According to College Board, only 8% of the student essays of the SAT writing assessment test actually conformed to the five-paragraph theme. This frequent divergence from the five-paragraph theme suggests variance in the total number of paragraphs that students produce in response to essay prompts (College Board, 2009). Such variation in the total number of paragraphs of student essays may be related to variation in the rhetorical function (and therefore the linguistic characteristics) of the body paragraphs. For example, one student may write only three paragraphs in response to a prompt, while another may write five or six paragraphs.

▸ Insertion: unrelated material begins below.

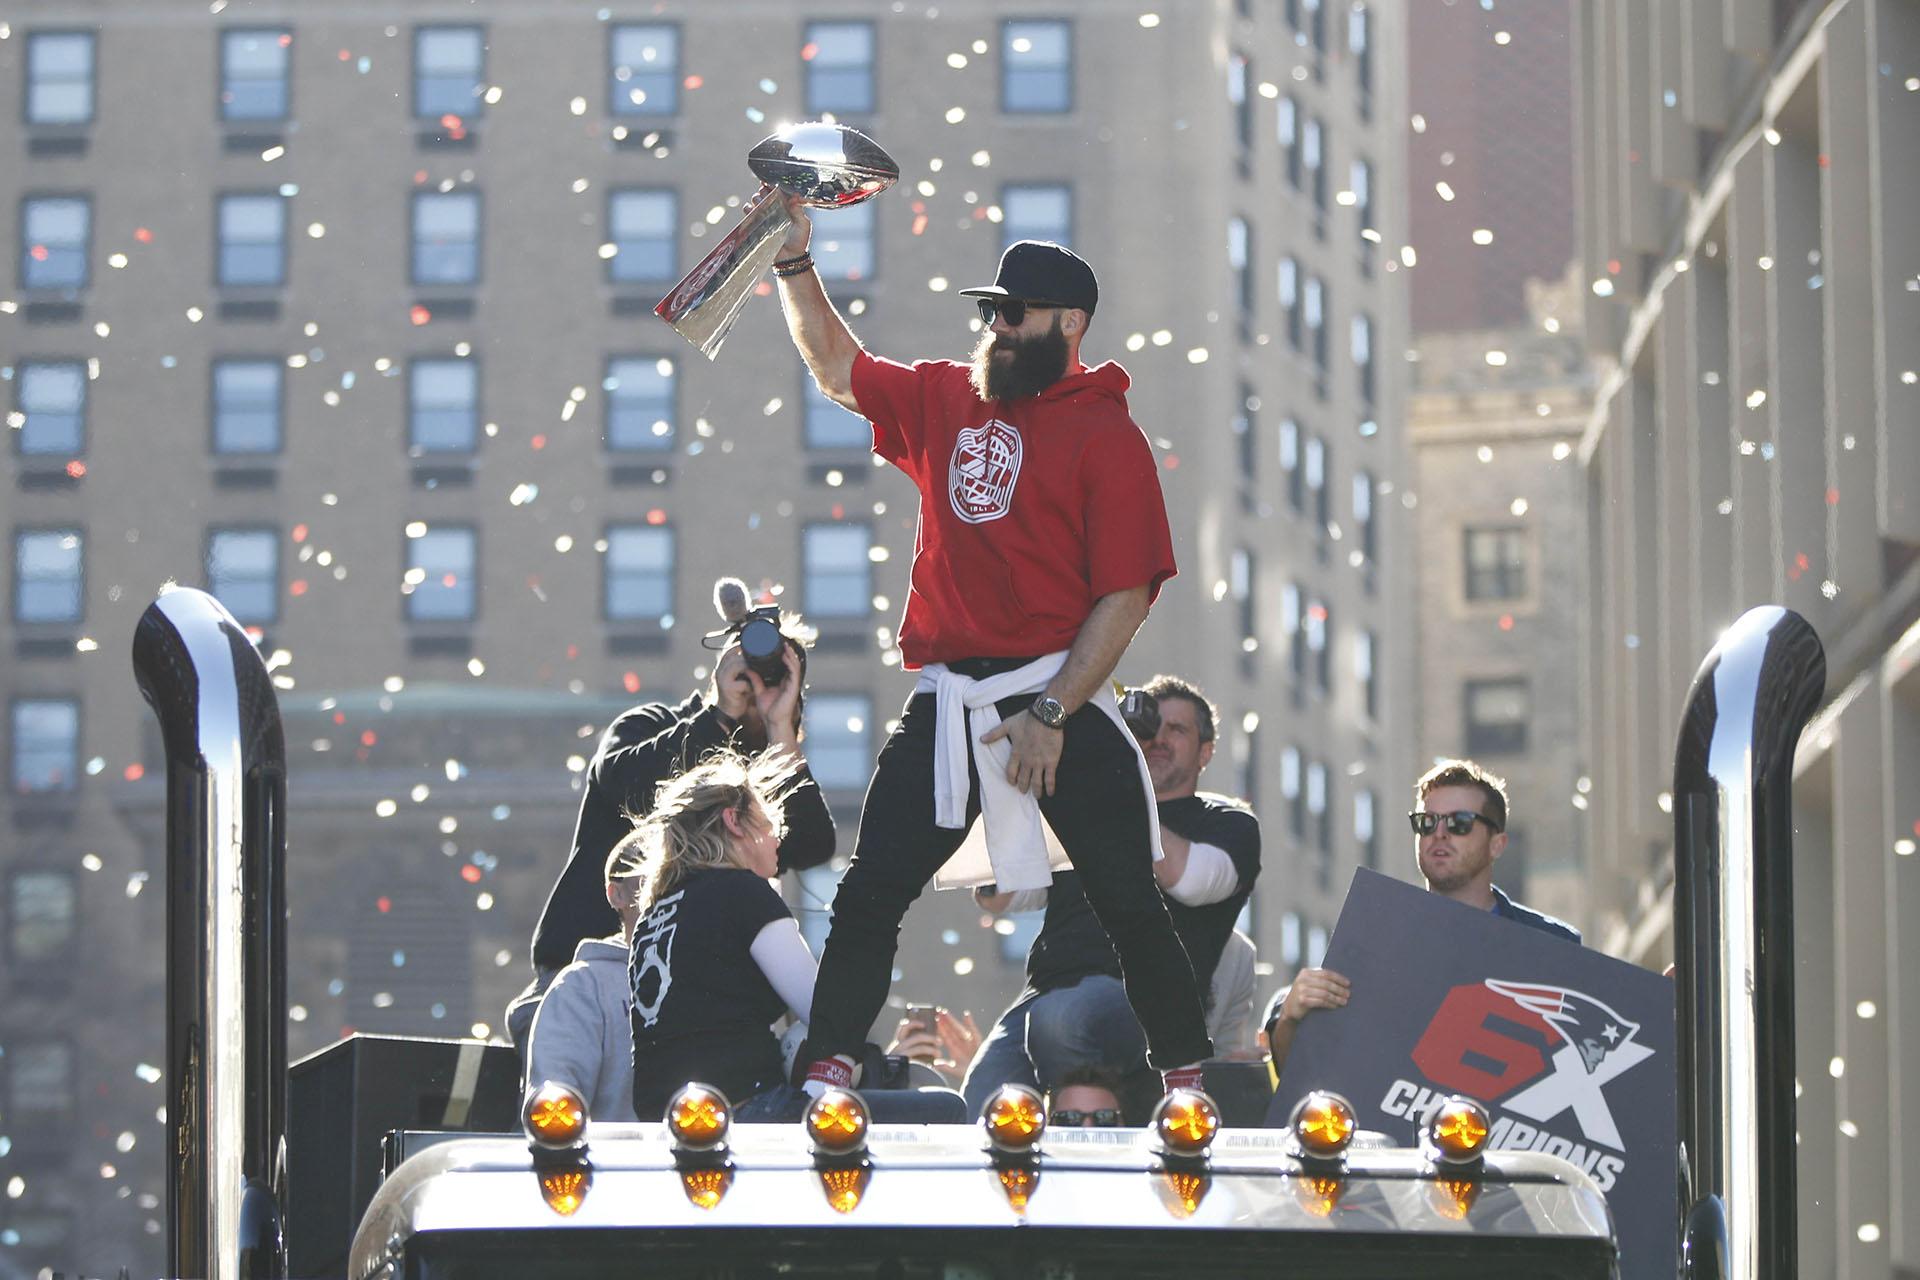 Julian Edelman sostiene el trofeo Vince Lombardi

If both students in this hypothetical situation were responding to the same prompt, then their essays would be representative of their individual approaches to addressing the prompt, and the respective body paragraphs that they would produce may feature differing linguistic characteristics that are dependent upon those approaches.

This study examines the relationship between the total number of paragraphs in an essay and the linguistic characteristics of its body paragraphs. In approaching this question, we formed two contrasting hypotheses. The first hypothesis is that a greater total number of paragraphs is indicative of an essay in which ideas are more rhetorically explicit within each paragraph, because the use of more paragraphs implies more sophisticated explication and knowledge. These body paragraphs are likely written by students who are better equipped to address essay prompts thoroughly, and the paragraphs are more likely to demonstrate characteristics such as cohesion and elaboration (qualities that are shown to significantly improve essay scores) (Crossley, White, McCarthy, & McNamara, 2009). The contrasting hypothesis is that a greater total number of paragraphs is indicative of writers who are conceptually diverse and tend to express multiple ideas without elaborating (i.e., covering more ideas, but in less depth), resulting in paragraphs that are lower in cohesion and higher in characteristics of text difficulty. McNamara, Crossley, and McCarthy (2009) found that such essays tend to be graded significantly higher on scales of writing proficiency. In both cases, the presence of more paragraphs in student essays tends to increase the likelihood that they receive higher grades. This study, however, does not focus on essay quality, but rather on providing a detailed observation of the linguistic features that characterize the body (middle paragraphs) based on the total number of paragraphs in the essays.

Linguistic characteristics

When examining the linguistic characteristics of text, cohesion often plays a very important role in distinguishing texts from one another. Cohesion refers to the extent to which ideas in a text are explicitly connected. Cohesion can be derived from a variety of sources, including word overlap (e.g., noun overlap, content word overlap), causal relations within text (e.g., ratio of causal particles to causal verbs), connective usage (e.g., because, eventually), and lexical diversity measures (low lexical diversity indicating higher lexical repetition; see McCarthy & Jarvis, 2010). Texts with higher cohesion tend to be more easily comprehended than texts with lower cohesion, as the relationships between ideas in cohesive texts are more explicit. These explicit connections between ideas allow readers to make fewer inferences in their efforts to understand a text, emphasizing the importance of expressing ideas coherently (e.g., McNamara, 2001; McNamara, Louwerse, McCarthy, & Graesser, 2010; Ozuru, Dempsey, & McNamara, 2009).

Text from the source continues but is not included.